DATA TO PROCESS

══════════════════════════════

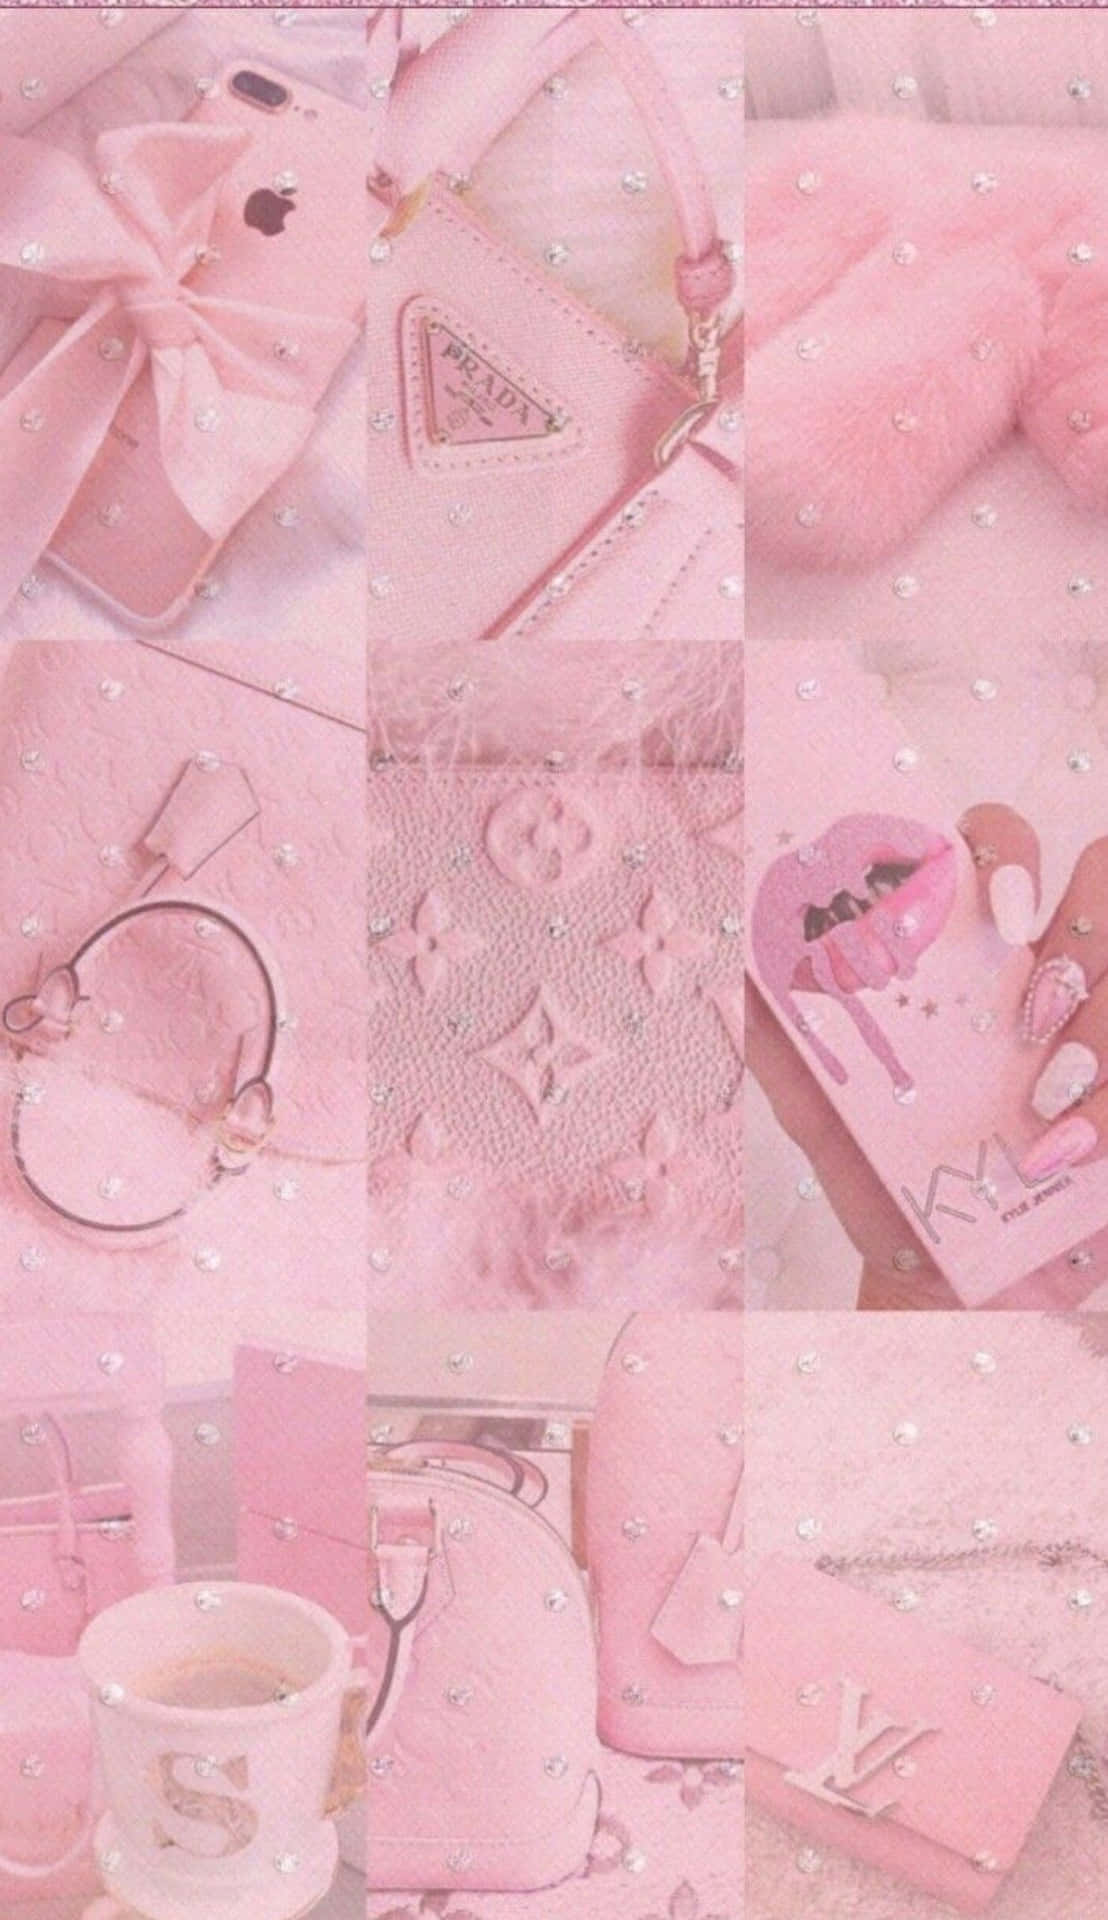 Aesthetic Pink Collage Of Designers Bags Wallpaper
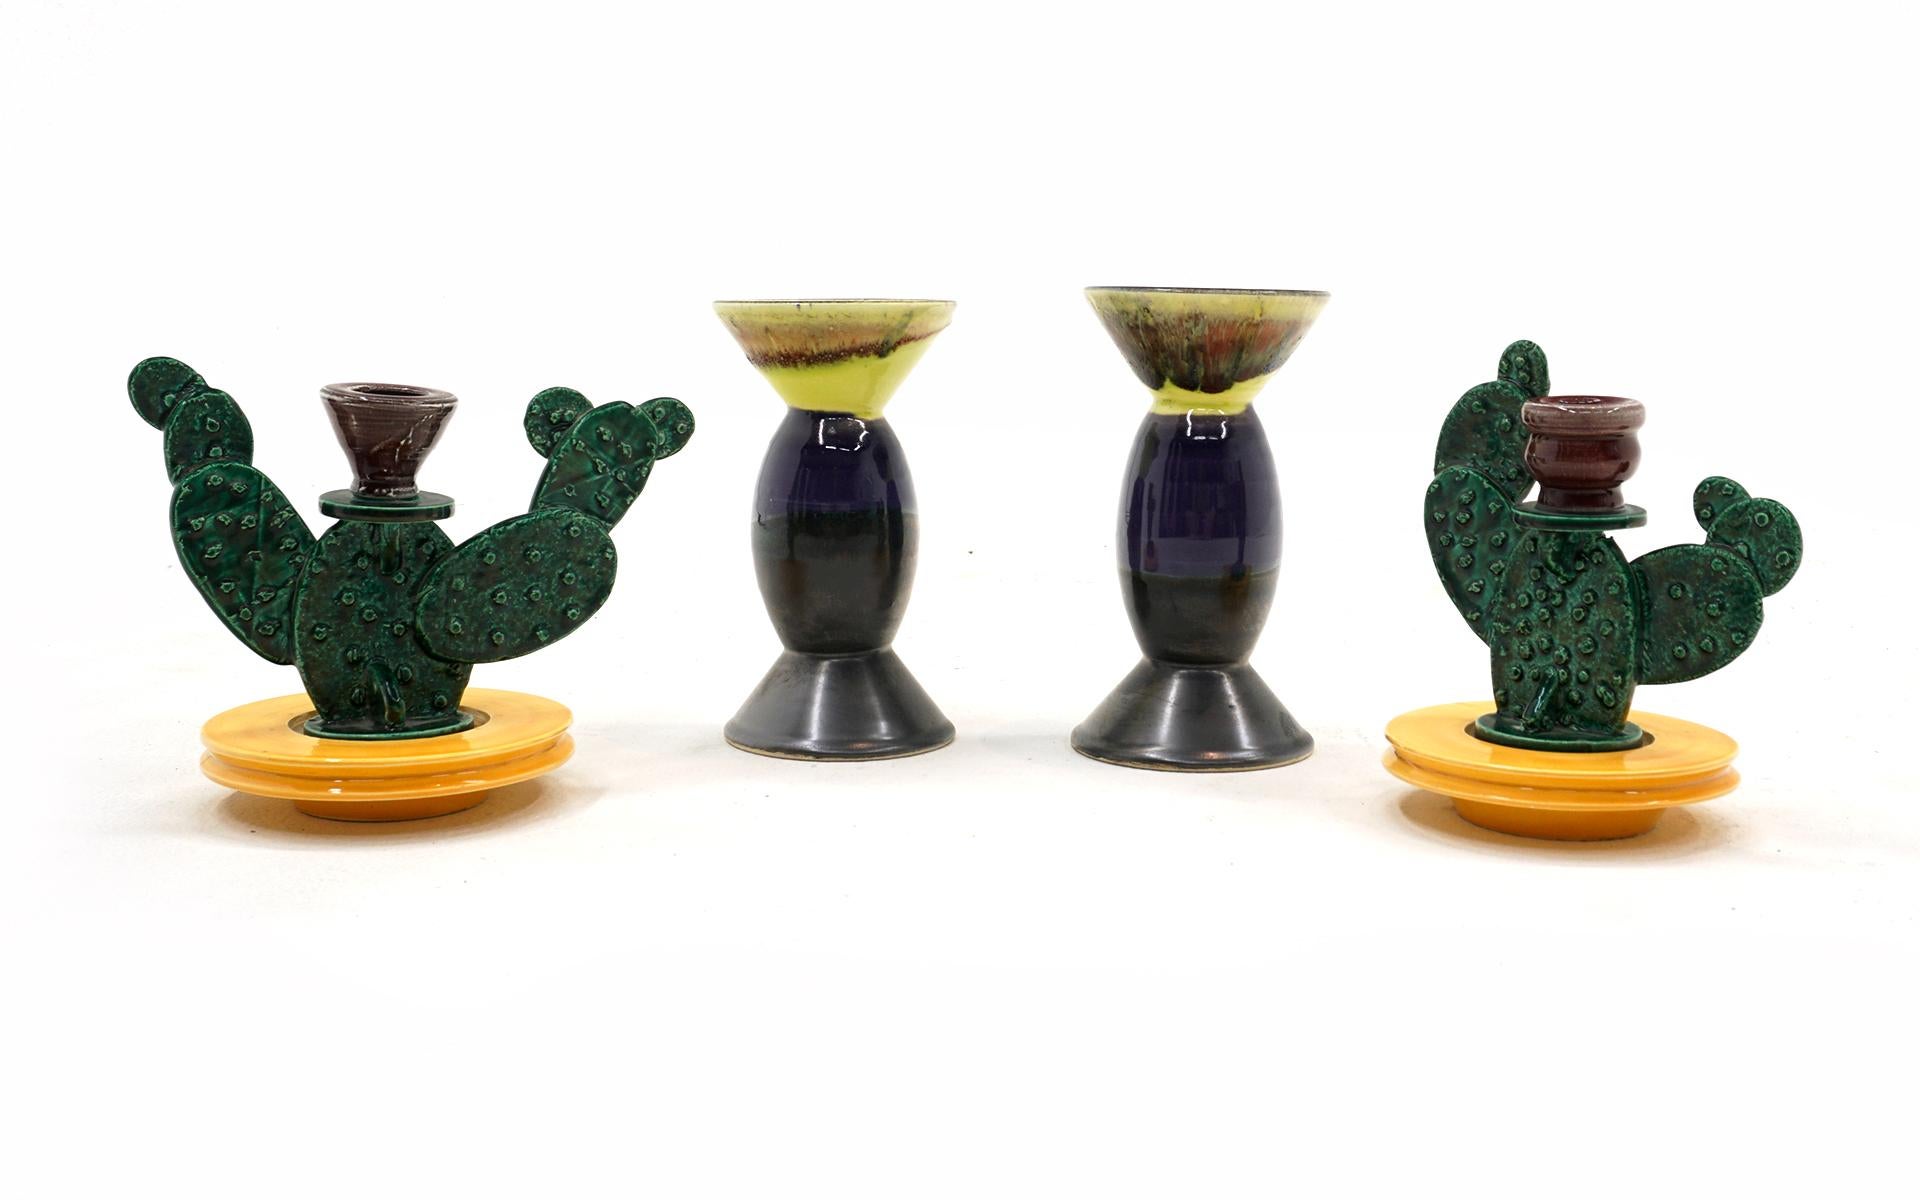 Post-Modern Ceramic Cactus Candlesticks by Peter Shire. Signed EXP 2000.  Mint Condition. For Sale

══════════════════════════════

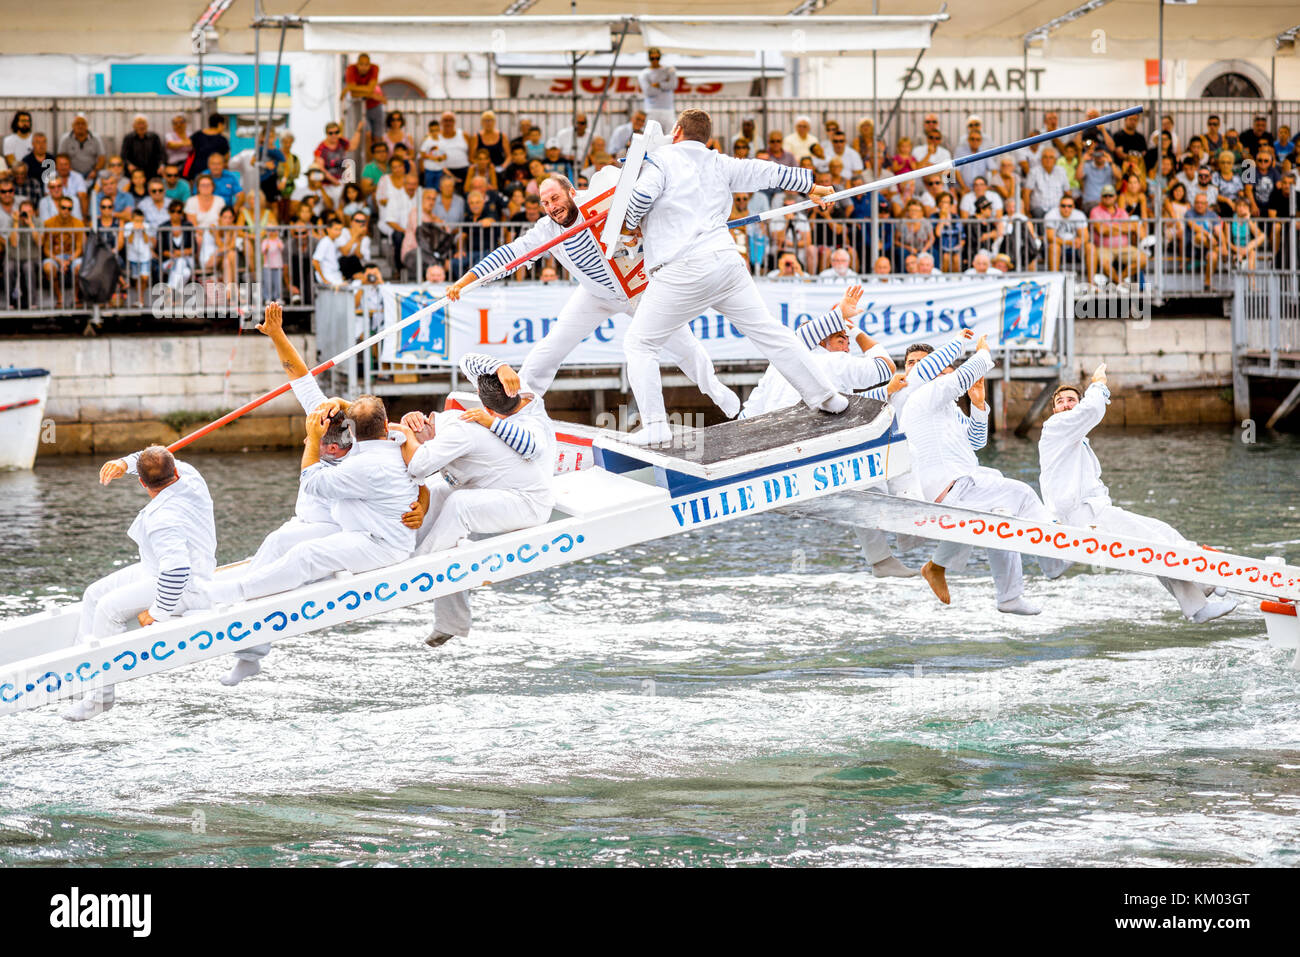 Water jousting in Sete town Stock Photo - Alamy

══════════════════════════════

GOAL OF THE EXERCISE
Return only the part above that opens with the line containing "Aesthetic Pink Collage" and closes with the line containing "Post-Modern Ceramic Cactus", exactly and with both ends, skipping the pictures.

ANSWER BELOW
 Aesthetic Pink Collage Of Designers Bags Wallpaper
 Post-Modern Ceramic Cactus Candlesticks by Peter Shire. Signed EXP 2000.  Mint Condition. For Sale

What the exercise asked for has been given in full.